This is almost certainly caused by some pretty differant frmware implementations between these two drives. I’ve never seen such an extreme case when comparing two spinning drives with similarish specs.

I am reading this output as “The WD drive is responding faster, give it more work”. Which in looking at iostat we see 100% util of those drives and zpool iostat we see much better aggregation behavior.

If you do lsblk -o NAME,RQ-SIZE do they all have the same RQ-SIZE? What about queue depth? cat /sys/block/sdXX/device/queue_depth

I would expect these to probably be the same for both drive types if theya re connected through the same HBA. But worth checking here.

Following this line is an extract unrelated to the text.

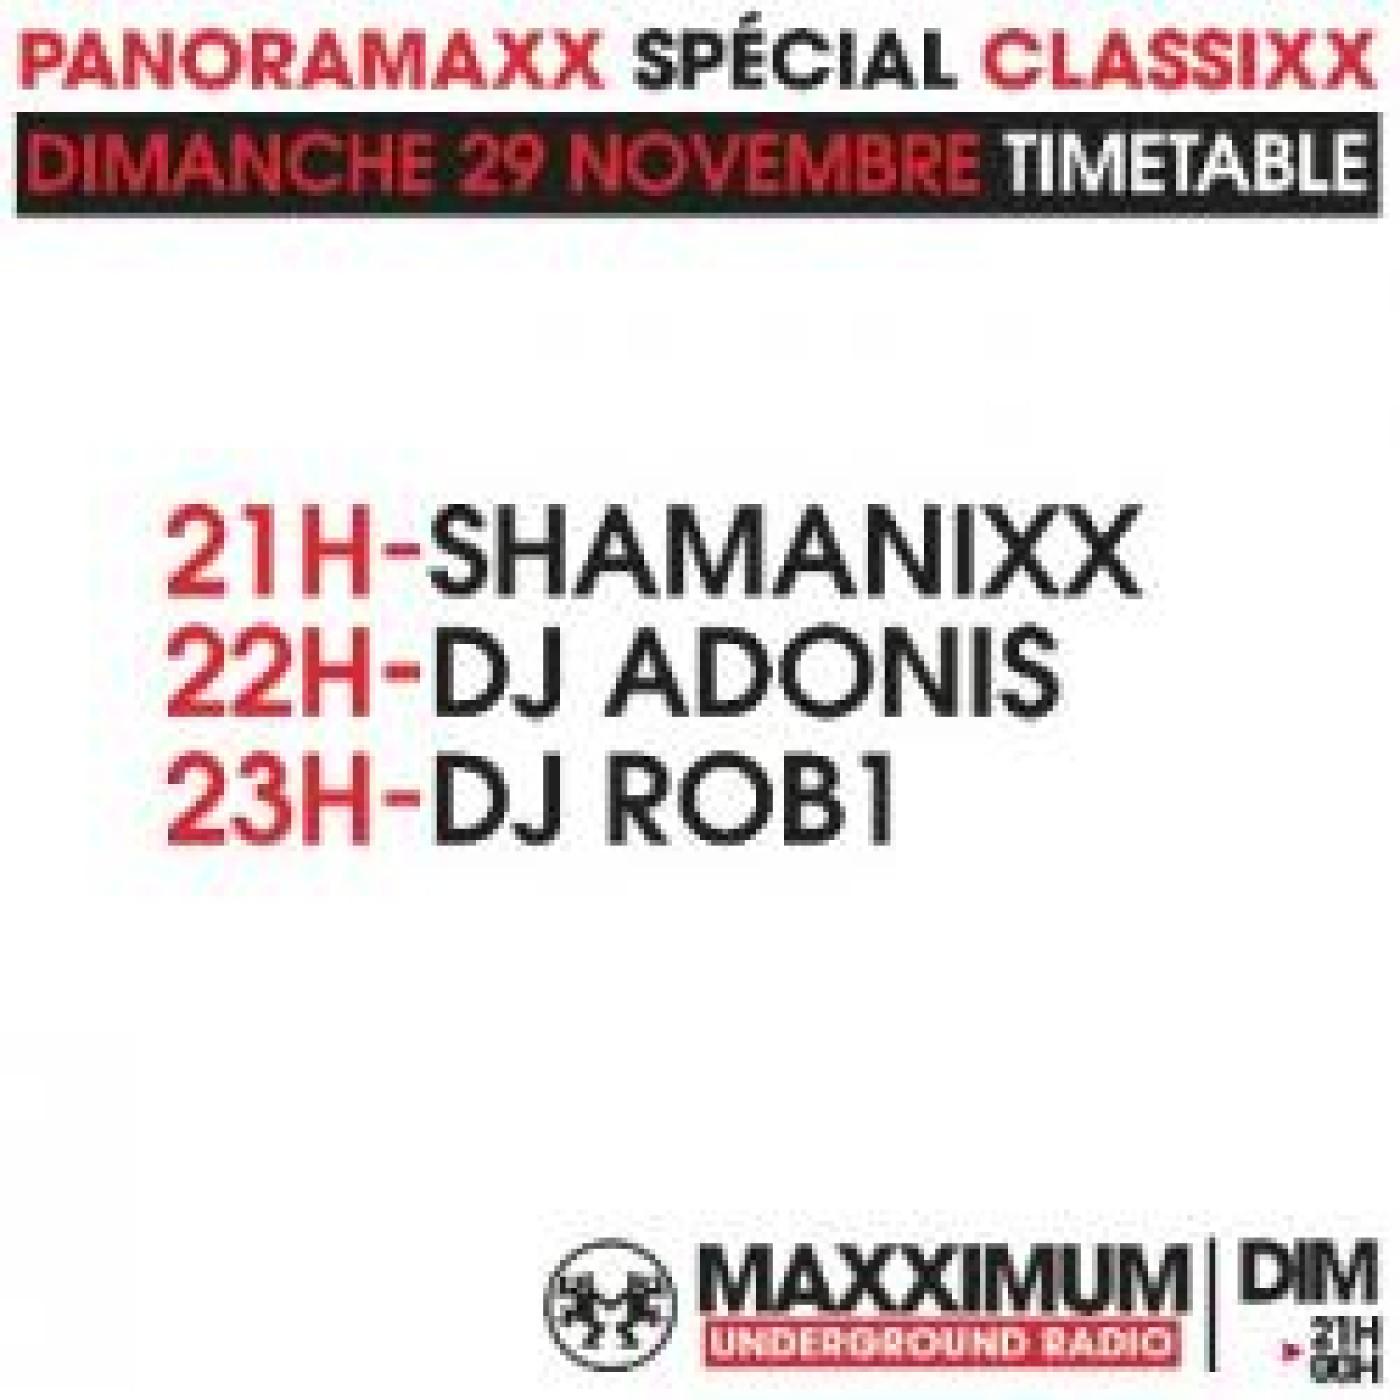 PANORAMAXX CLASSIXX : ADONIS

Do you see the same issues with writes?

They all have the same RQ-SIZE (256) and queue_depth (32). I did spend some time comparing the two types of drive and they do have some differences:

  • WD Supports ATA ACS-5 vs Seagate ATA ACS-4
  • WD Supports NCQ Priority, NCQ Streaming and NCQ Non-Data Commands whereas the Seagate doesn’t
  • WD has 512MB cache vs Seagate 256MB
  • WD has 9 platters va Seagate 10 platters
  • WD has a 64GB NAND chip for internal use (not data)

I’ve also tried connecting the drives to the onboard RAID controller in AHCI mode just to test but it experiences exactly the same issue.

After resetting all the ZFS parameters to default I can get 1-1.2GB/s reads by setting only zfs_vdev_async_read_max_active to 32 and changing nothing else. However, if I reset it to 3 the speeds are back down to 240MB/s

Interestingly I get suspeciously neat throughput figures depending on the value of zfs_vdev_async_read_max_active

zfs_vdev_async_read_max_active Individual WD Read Speed
1 10 MB/s
2 20 MB/s
3 30 MB/s
4 40 MB/s
5 50 MB/s

etc.

The throughput of the read on the pool is then 8x the individual WD read speed. These neat values continue until around 10-12 when the read speeds start fluctuating. It’s almost like something is throttling each individual IO request to prevent a single request from monopolising the drive.

This is only on reads, I don’t have the same issue with writes - they are fine.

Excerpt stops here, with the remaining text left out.